Зоська опять поморщилась:

– Постоянно.

Вероника пожевала пару секунд и, уже не глядя на Зоську, спросила:

– А с женскими делами у тебя как? Давно были последний раз?

Зоська призадумалась. Затем нахмурилась и сказала:

– Уже четыре месяца нет.

Вероника всплеснула руками:

– Четыре месяца? Я так и знала! Ну, мать, поздравляю! Это от... него, конечно?

В эту секунду на Зоську внезапно навалилось жгучее желание послать Веронику с её не в меру ароматным пирожком к чёртовой матери.

– Конечно. От... него, – сдержавшись, нехотя промямлила Зоська и отвернулась.

– Знаешь, мать, – Вероника села очень прямо и вернула лямки сарафана обратно на плечи, – козлов наказывать, разумеется, надо. Но ребёнок! Ребёнок-то всё меняет!

Зоська скривилась и наклонила голову к коленям.

– Да какой ещё, к черту, ребёнок? – простонала она, закрывая лицо руками. – Что за бред? У-уу, – Зоська принялась потихоньку выть в колени.

Вероника, теряя осанку, молчала. Она пришла в замешательство.

– Ну как же, – наконец проговорила она растерянно, – ты же сказала, что от любимого человека...

– Человека?! – Зоська резко выпрямилась и уставилась на Веронику. – Человека?! Ха! Дура! Я говорила о героине!

Зоську охватил смех, неудержимый и мучительный. Детские очки почти беззвучно упали на перрон. Зоська повалилась на бок и почувствовала, как выгибается спина. "Почему так быстро? – мелькнул в запутывающемся сознании вопрос, – было же ещё время! А-а, какой яркий свет! Проклятое солнце!"

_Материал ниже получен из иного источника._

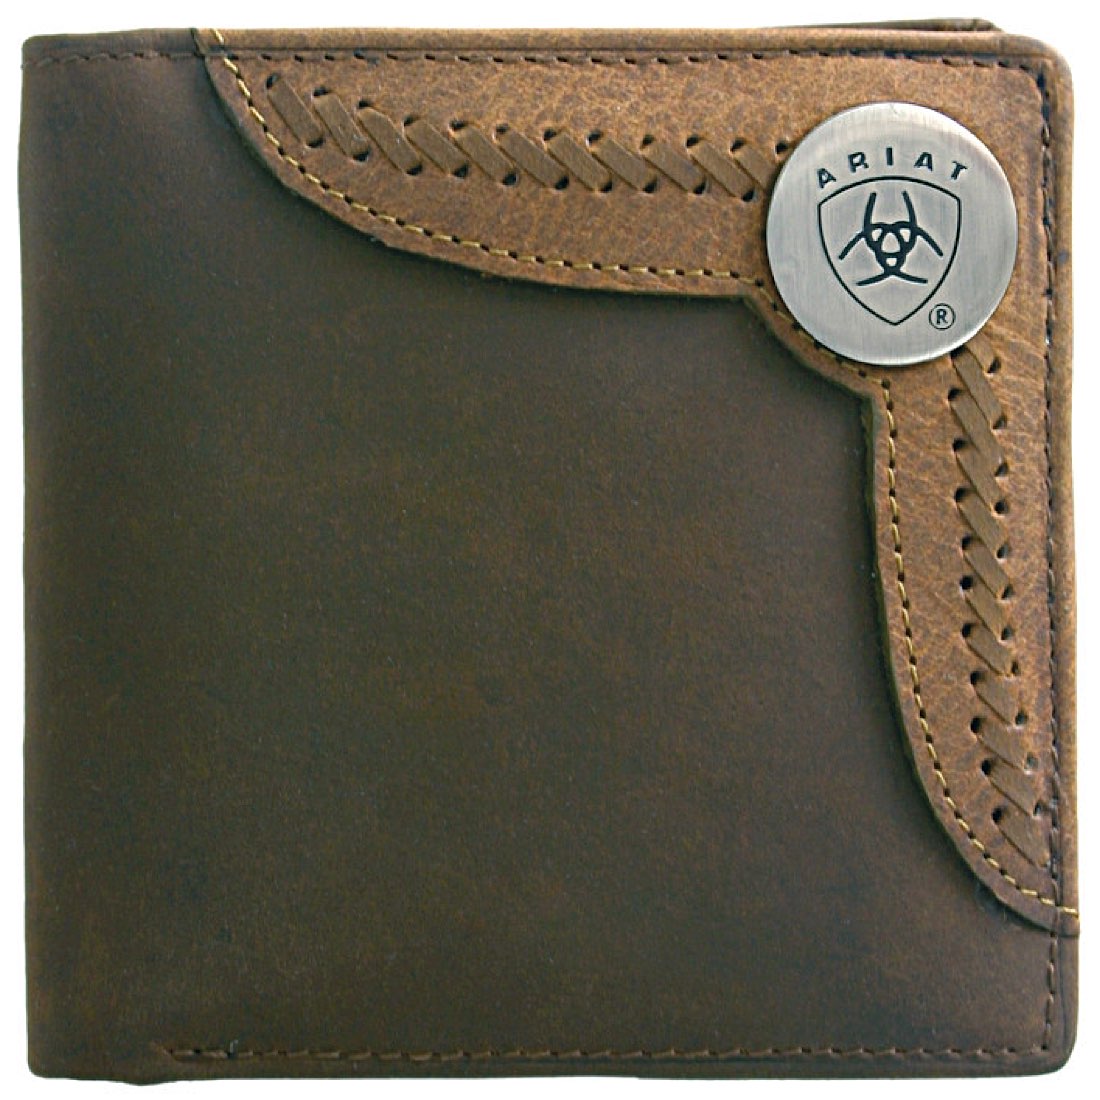 Ariat Bi Fold Wallet - Brown/Lite Tan WLT2103A

Между тем к солнцу приблизились кулисы облаков. Без сожаления покидая сцену, солнце послало на землю прощальные лучи, и они догорали на застеклённой крыше вокзала, а вместе с ними неотвратимо догорал двадцатый век.





Примечание:

Варшавский вокзал не действует с 2001 года. В настоящее время в здании вокзала находится развлекательно-торговый комплекс. Пакгаузы, мастерские, цеха, железнодорожные депо, водонапорная башня и другие постройки девятнадцатого века находятся под угрозой сноса.